Und man muss offen und ehrlich sagen, nein, das ist das österreichische Bundesheer nicht, will es auch nicht sein, weil es die Bedrohung nicht ernst nimmt. Deshalb hat sich der Gemeinderat der mustergültigsten Gemeinde Österreichs, Mustermannshausens, allen voran unser sehr verehrter Herr Bürgermeister, Max Mustermann, entschlossen die entsprechenden Abwehrmaßnahmen durchzuführen. In einem ersten Schritt wurde die Oberkommandantur der ersten mustermannshausischen Armee eingerichtet. Den Oberbefehl erhielt Sigismund Soliwen, der sich bereits etliche Auszeichnungen zuschulden kommen ließ, vorzüglich in der spritzenden und blasenden Abteilung, also als Kommandant der hiesigen Freiwilligen Feuerwehr und in der Funktion des Leiters der ortsansässigen Blaskapelle. Taktik und Organisationstalent sind im quasi in die Wiege gelegt worden, was ihn für diesen Posten prädestiniert. Darüber hinaus gelang es uns bereits die tapfersten und verdientesten Männer für dieses Projekt zu gewinnen, die teilweise bereits im Ersten Weltkrieg ihre Meriten verdienten, doch mit Stärke alleine wollen wir nicht auftrumpfen, sondern auch mit List und Tücke. So werden rund um das Ortsgebiet von Mustermannshausen lose Akten und offene Ordner verteilt. Daraufhin kann kein einziger deutscher Soldat weitermarschieren, denn zuerst muss Ordnung geschaffen werden. Für die französischen Einheiten werden sogenannte „Schneckengräben“ errichtet, so dass sich diese auf die deliziöse Zubereitung der Kriechtiere konzentrieren werden. Für die britischen Soldaten war das Abspielen von „God save the Queen“ angedacht, aber das wird wohl überflüssig sein, da kein Anlass zu der Vermutung besteht, dass sie es wagen das kontinentale Europa zu betreten. Umso leichter wird der Umgang mit den spanischen Armeemitgliedern sein, die sich an einem Stier delektieren dürfen, und wenn all diese Mittel ausgeschöpft sind, dann bleibt immer noch die Gulaschkanone, die sie zwar nicht unbedingt in die Flucht schlägt, aber aus Angreifern Freunde zu machen versteht. In Fortführung der gutaltösterreichischen Tradition des Heiratens statt Kriege führens, werden wir uns jene des gemeinsamen Essens und Trinkens zu eigen machen.

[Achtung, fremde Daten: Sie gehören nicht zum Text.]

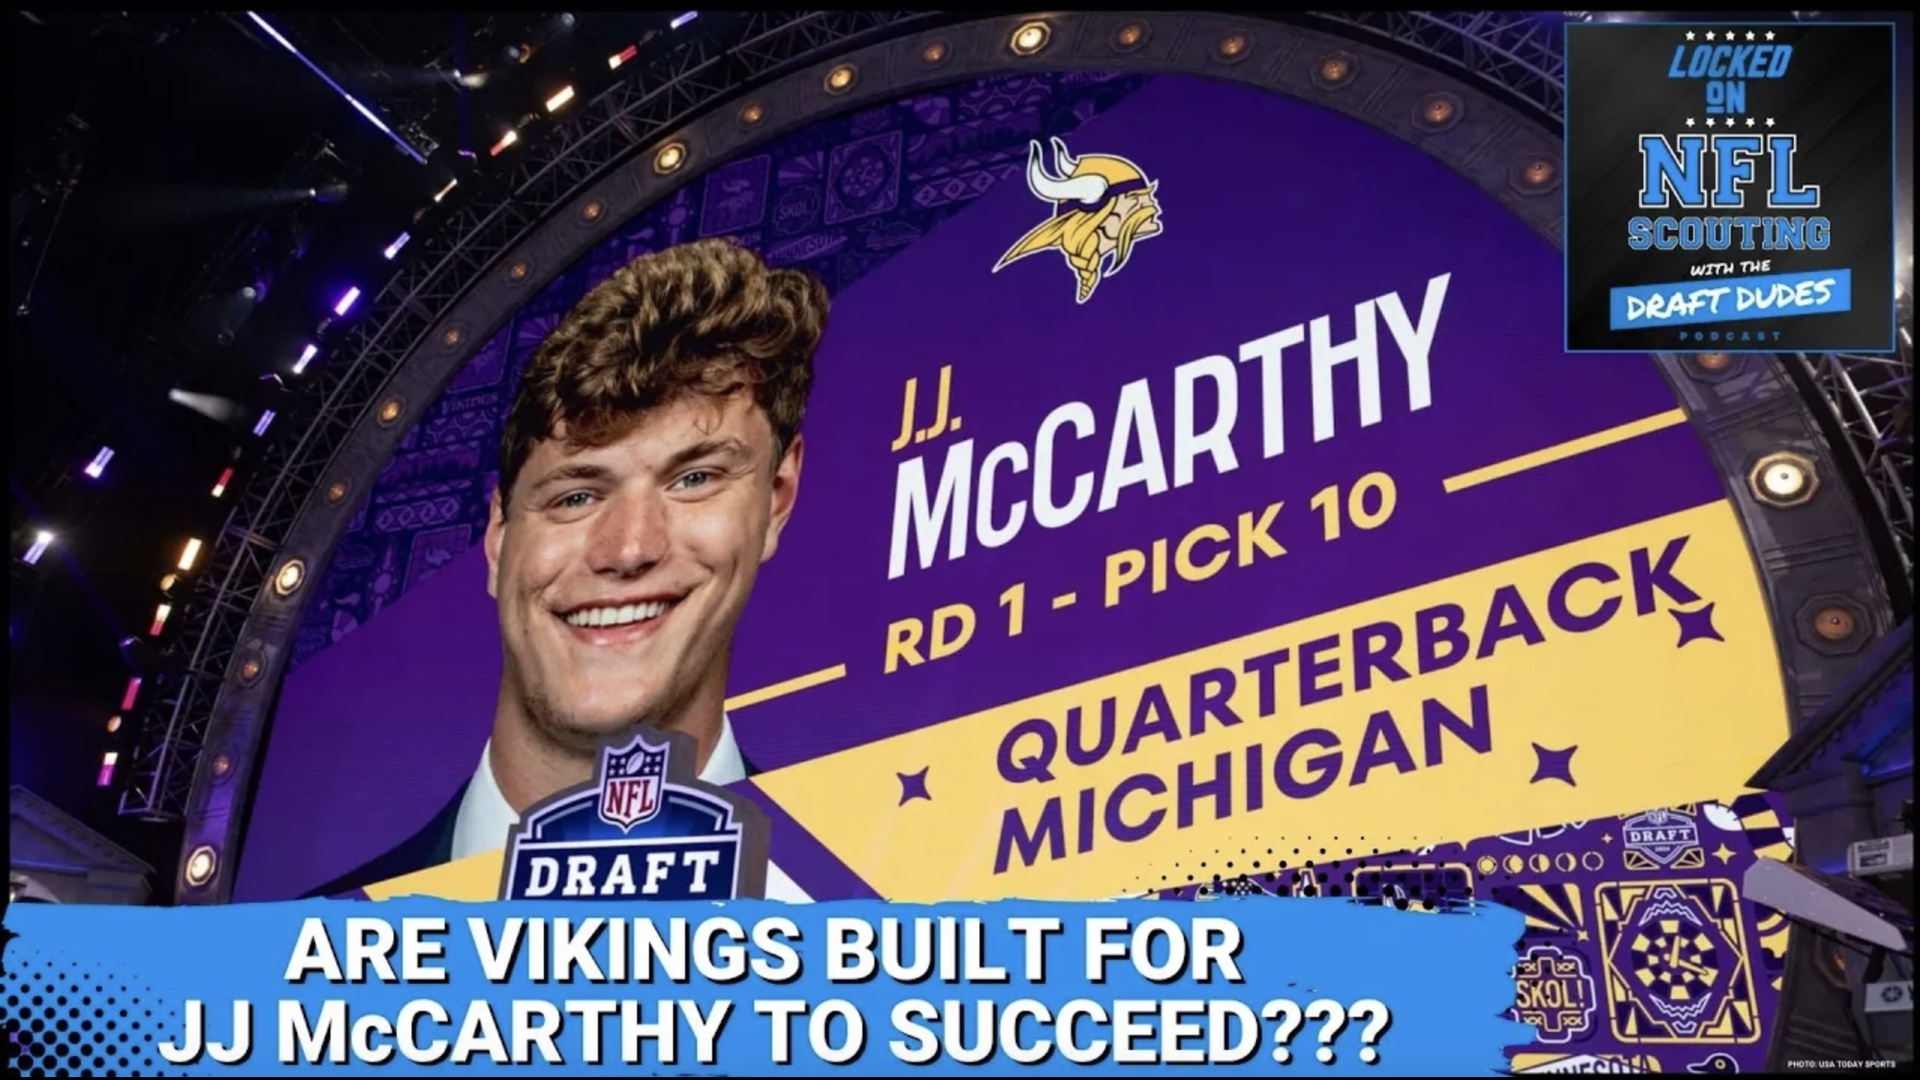 So how are the Minnesota Vikings  built around J.J. McCarthy to foster an environment conducive for success?

Stolz und aufrecht nehmen wir die herannahende Gefahr nicht nur ernst, wir werden ihr auch gewachsen sein und gemeinsam, mit vereinten Kräften, die Angreifer auf unseren schönen, friedlichen Ort vertreiben oder vereinnahmen, je nach Situation und Lage, denn wir lassen uns von nichts und niemandem unsere Kultur und unsere Traditionen untergraben, weder die Café- und sonstige Gastronomietradition, noch unsere Marmelade oder unsere Paradeiser. Dafür sind wir bereit auch den letzten Schluck Wein zu opfern, für die Insignien der Kultur und der Zivilisation. Niemals jedoch werden wir darauf vergessen, dass dies nur durch das beherzte Vorpreschen der FPÖ möglich war. So haben wir schon etliche Asylanträge der Freiheitlichen erhalten, und abschlägig beantwortet, denn sie sollen gefälligst ihr eigenes Land aufbauen und sich nicht als politische Flüchtlinge deklarieren. Schließlich ist von ihnen noch keiner an die Wand gepinnt worden.